Once ubiquitous in the American diet, trans fats like partially hydrogenated soybean oil have largely dropped off ingredients lists over the last two decades. (Today, the average American currently consumes about 1 gram of trans fat daily, which is down from 4.6 grams in 2003.)

Despite significant evidence that they increase the risk of heart disease, however, some holdouts still use transfats. Now, the U.S. Food and Drug Administration is poised to ban them altogether.

Trans fats are made by adding hydrogen to vegetable oil and are used to help improve the texture and shelf life of some products. The drawback is that eating trans fats leads at the same time to increased levels of the types of cholesterol that deposit plaque in arteries and decreased levels of good cholesterol.

"The independent Institute of Medicine has concluded that trans fat provides no known health benefit and that there is no safe level of consumption of artificial trans fat," FDA spokesperson Theresa Eisenman said in a statement.

Not Safe

The agency announced last week that artificial trans fats are not "generally recognized as safe," and opened a 60-day comment period on the proposed ban. Taking them off the list of safe foods would make using the additives illegal unless manufacturers secured special permission.

Eisenman said the use of trans fats has declined significantly even since 2006, when the agency started requiring information about the additives to be listed on food labels.

The Centers for Disease Control and Prevention said the move could prevent as many as 20,000 additional coronary heart attacks and up to 7,000 additional coronary deaths each year.

Not A Moment Too Soon

Health advocates have been pushing for a government ban on trans fats for years. The Center for Science in the Public Interest (CSPI) started, for example, pushing the FDA for a ban in 2004.

A timeline for the possible ban has not been set, but Julie Greenstein, the deputy director of health promotion policy for the CSPI, said she hopes to see a rule in place within six to twelve months.

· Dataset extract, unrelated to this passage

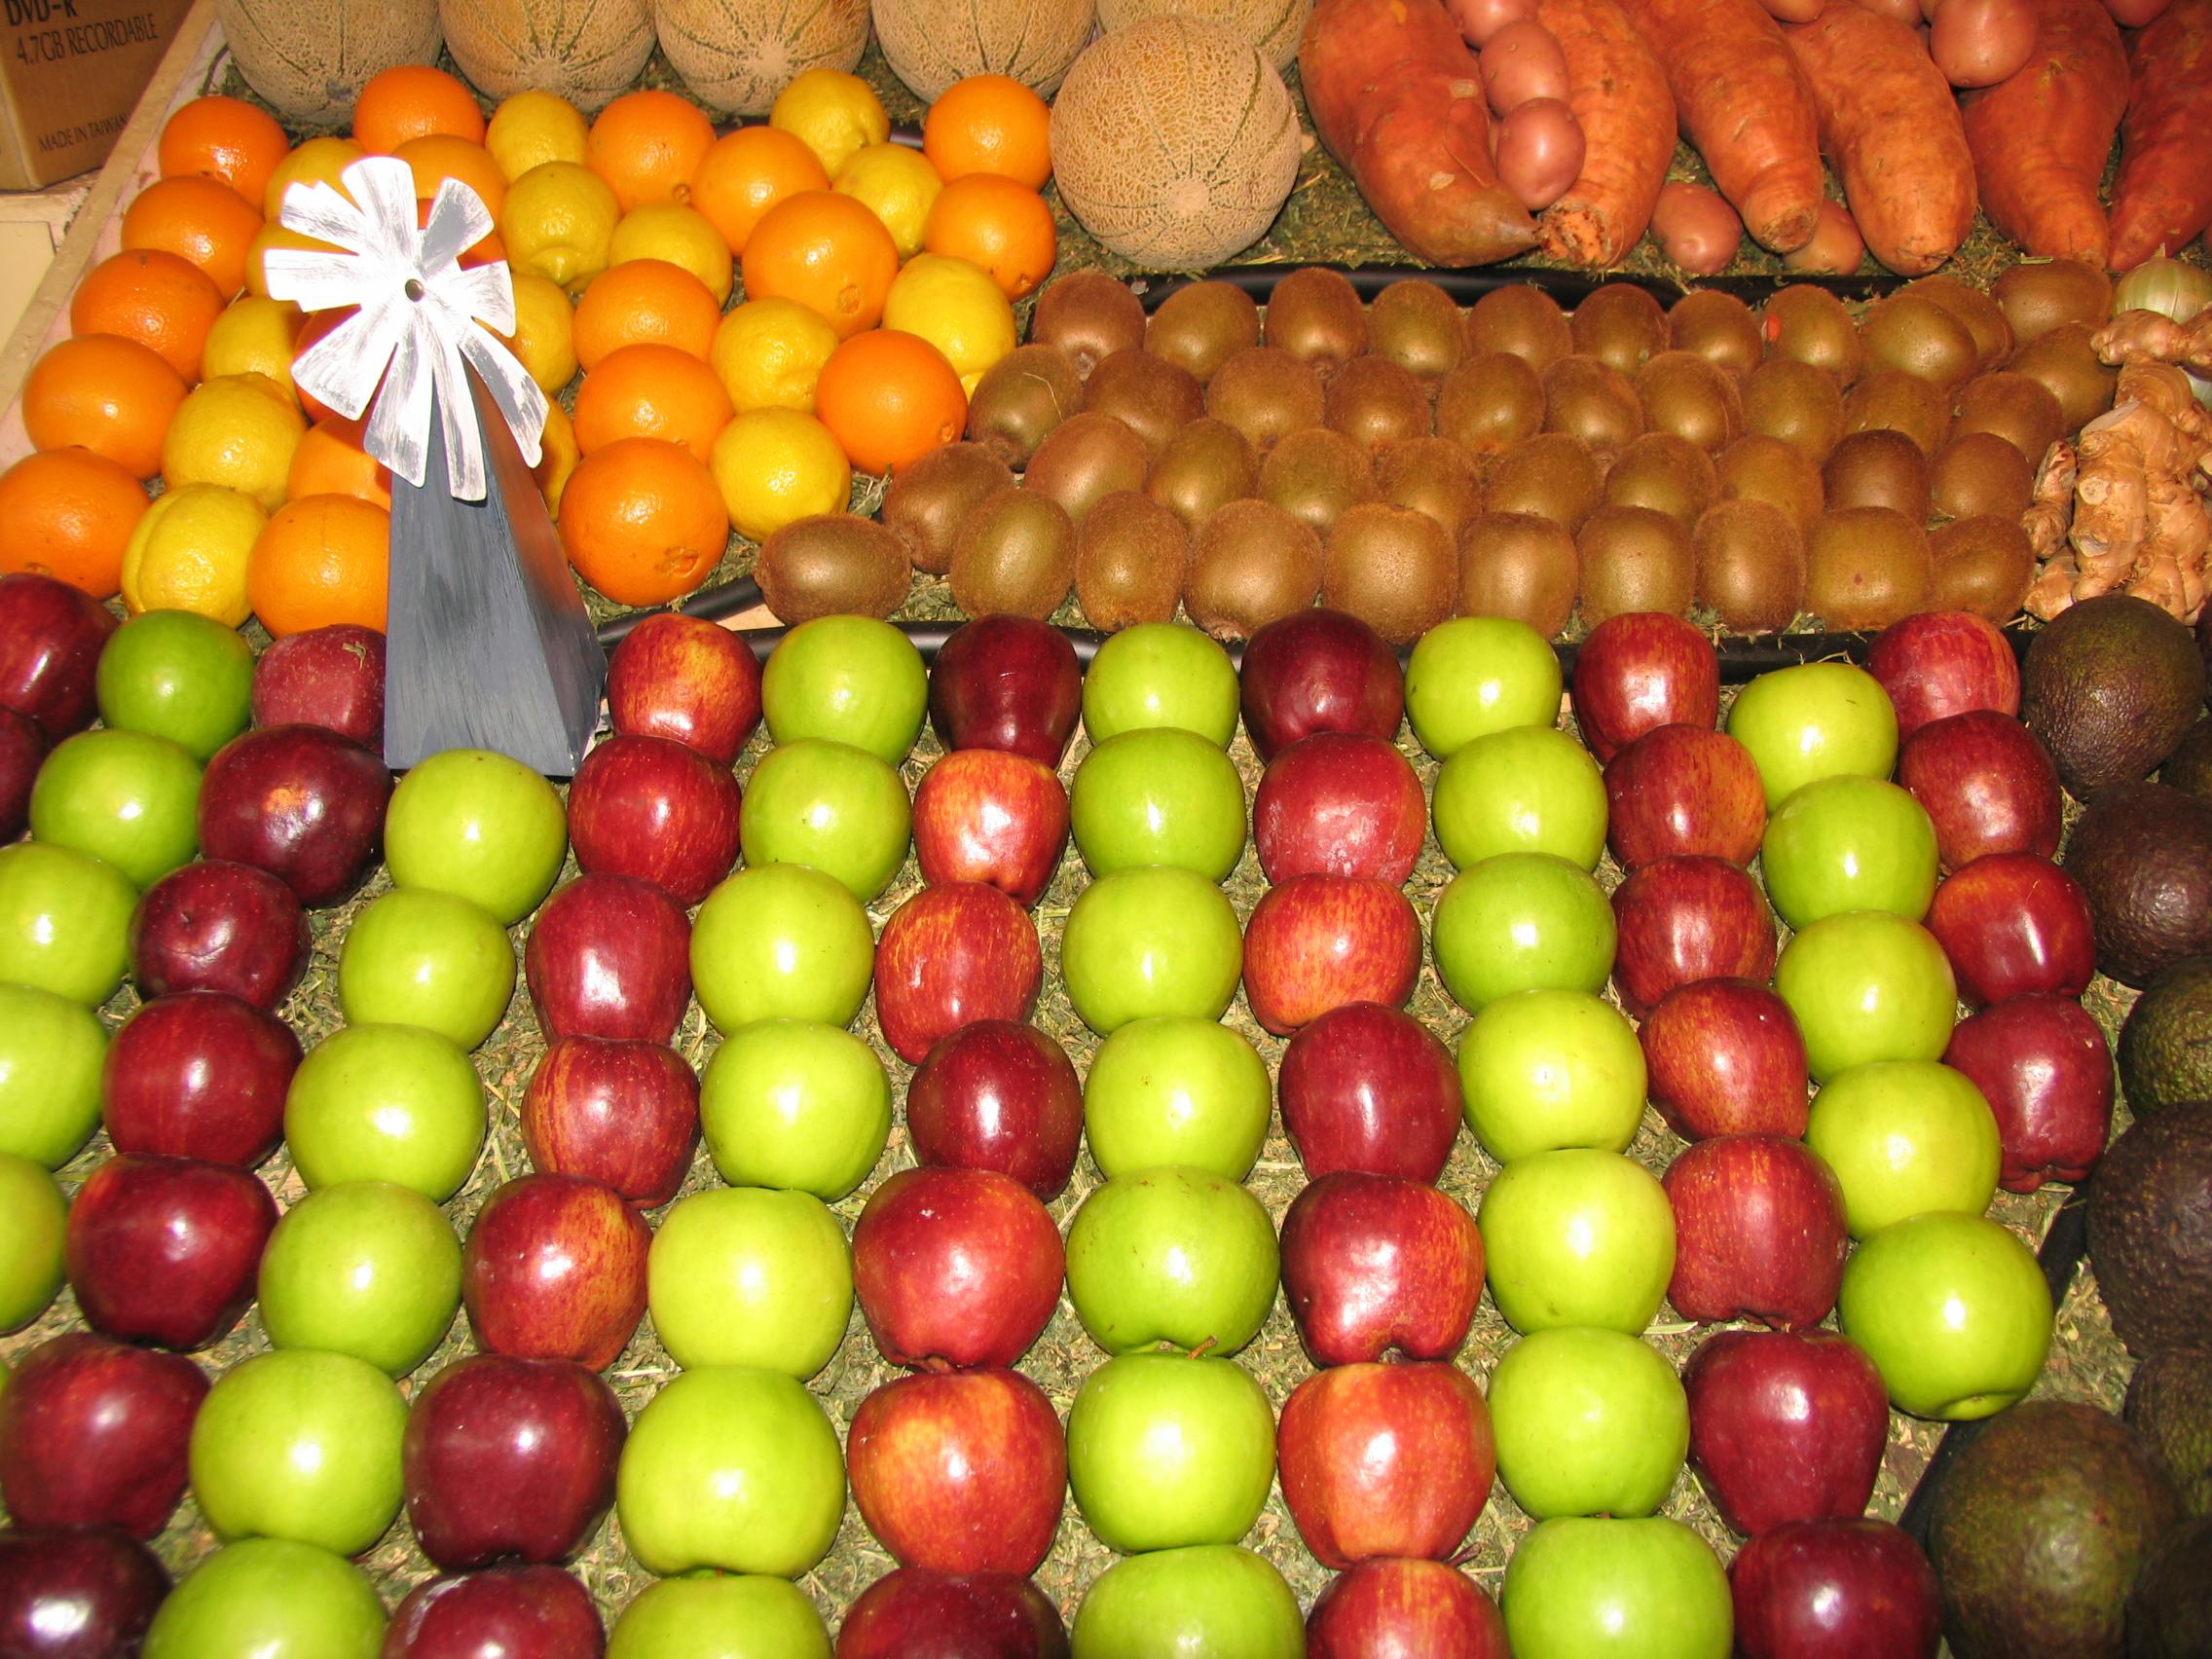 fruit and vege display
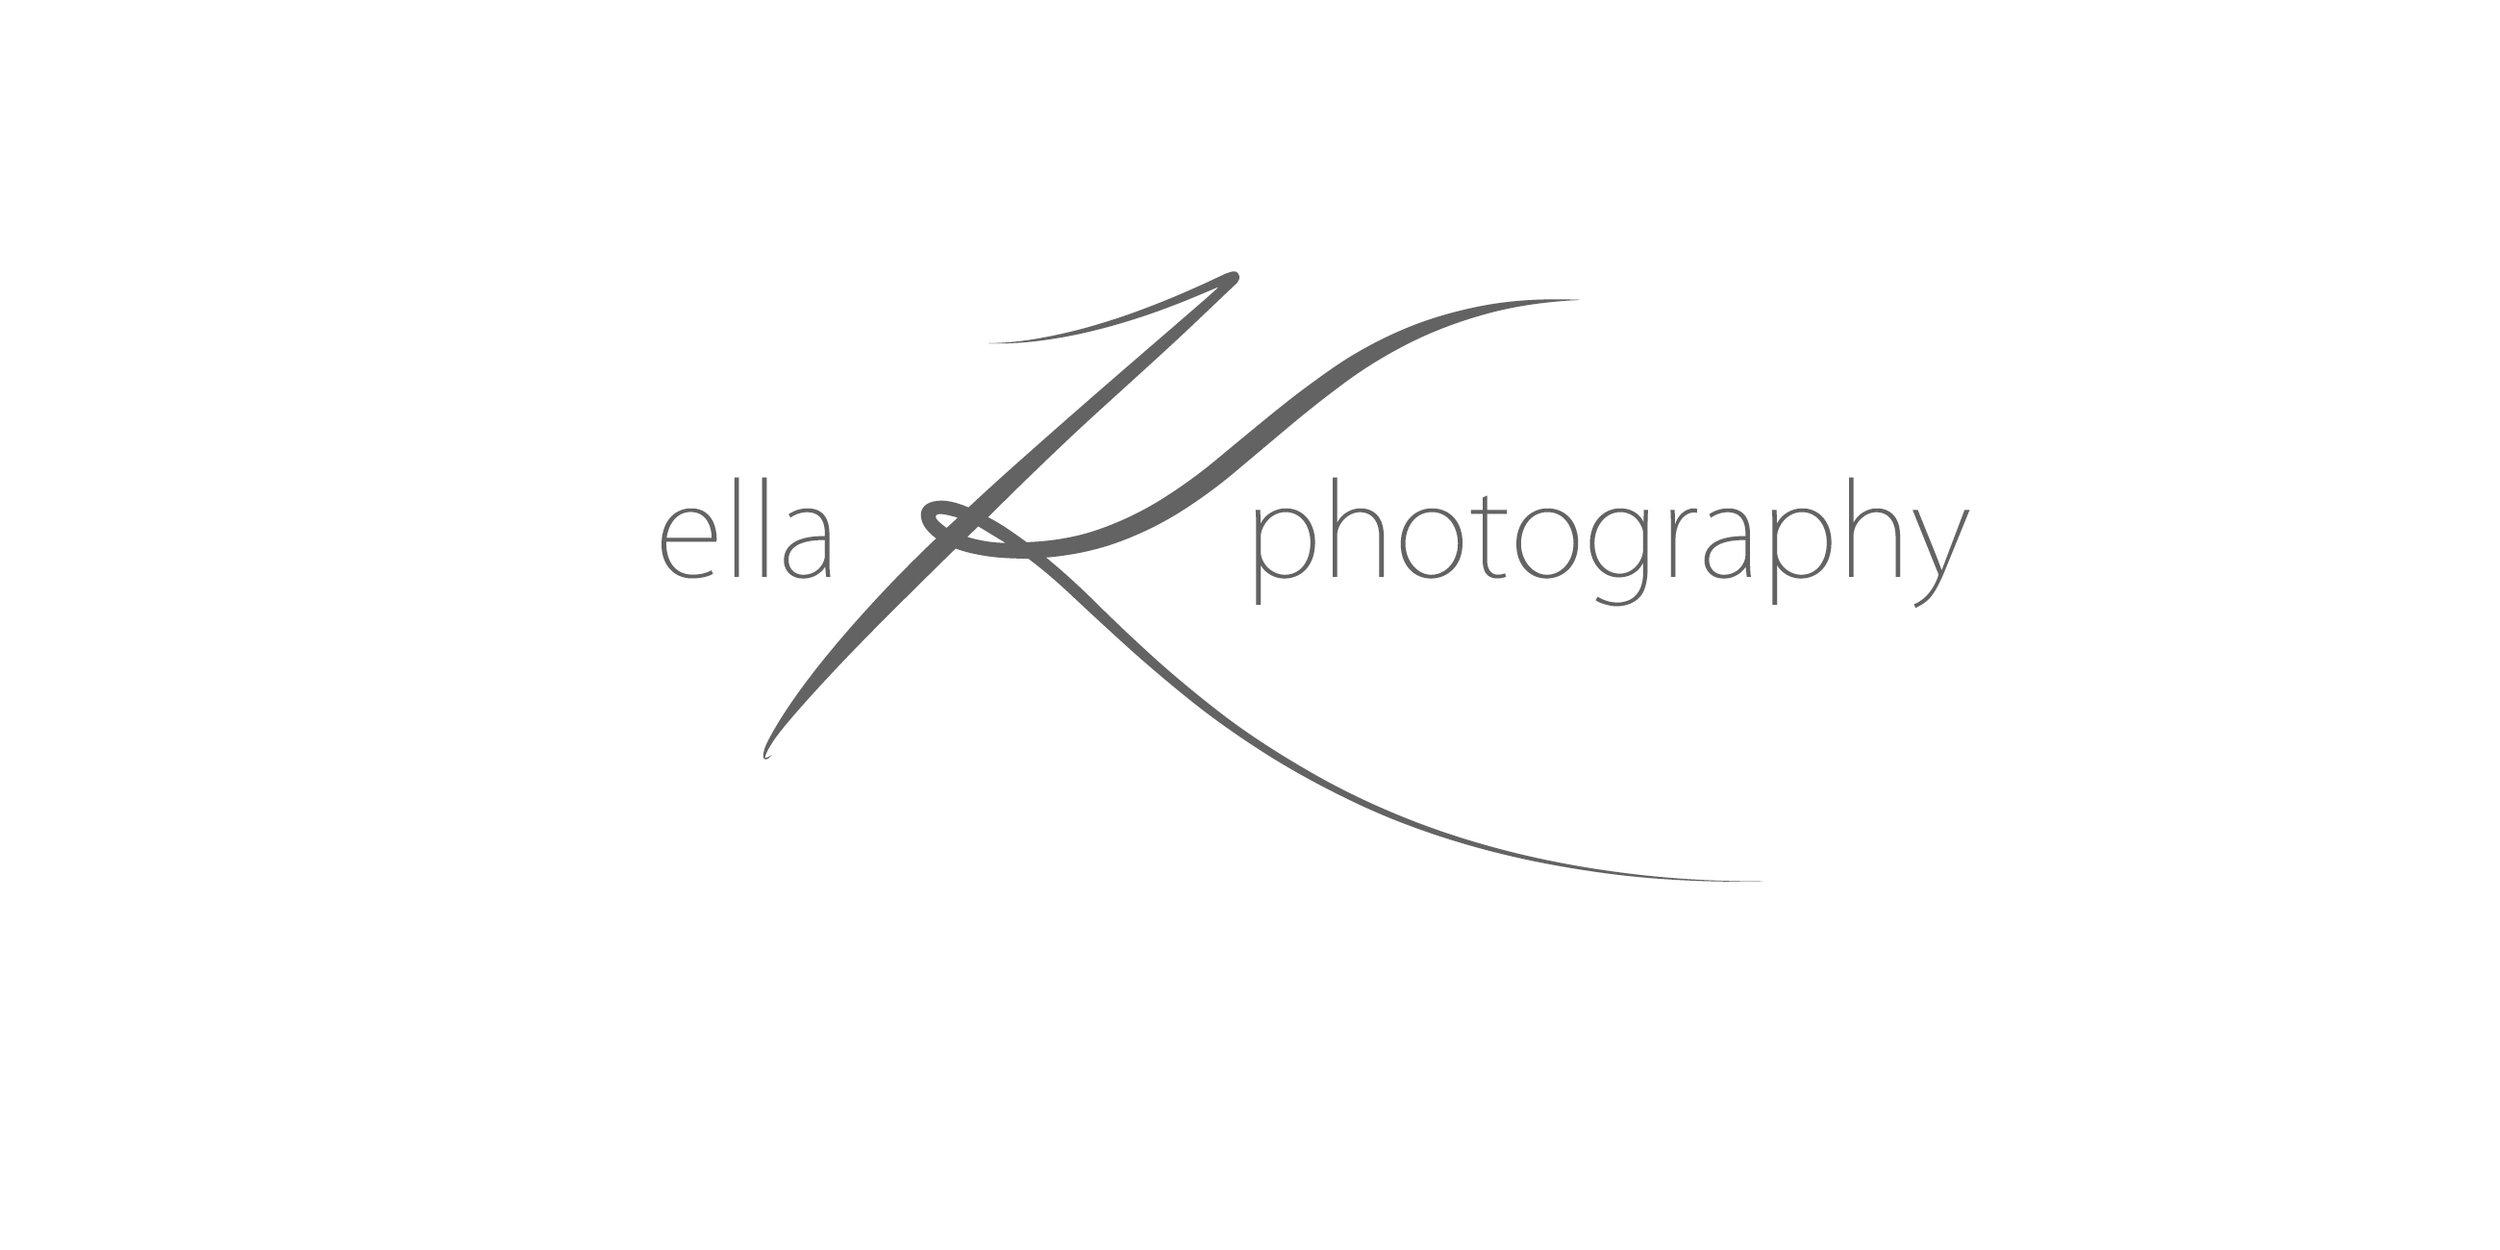 Ella K Photography

"The quicker, the better," she said. "In a word, it's great what they've done. They've basically started a countdown to the end of trans fats," she said.

Stragglers that still use trans fats include some brands of frozen dough, microwave popcorn, coffee creamers and canned frosting. Citing the cost of switching to new ingredients, restaurant owners and food industry lobbyists have resisted an outright ban.

But, according to Greenstein, better alternatives cost about the same, and companies have been given plenty of time to comply. "It's not like this is a twister coming out of nowhere for these manufacturers. The writing has been on the wall for a long time to show that these products are so unhealthy."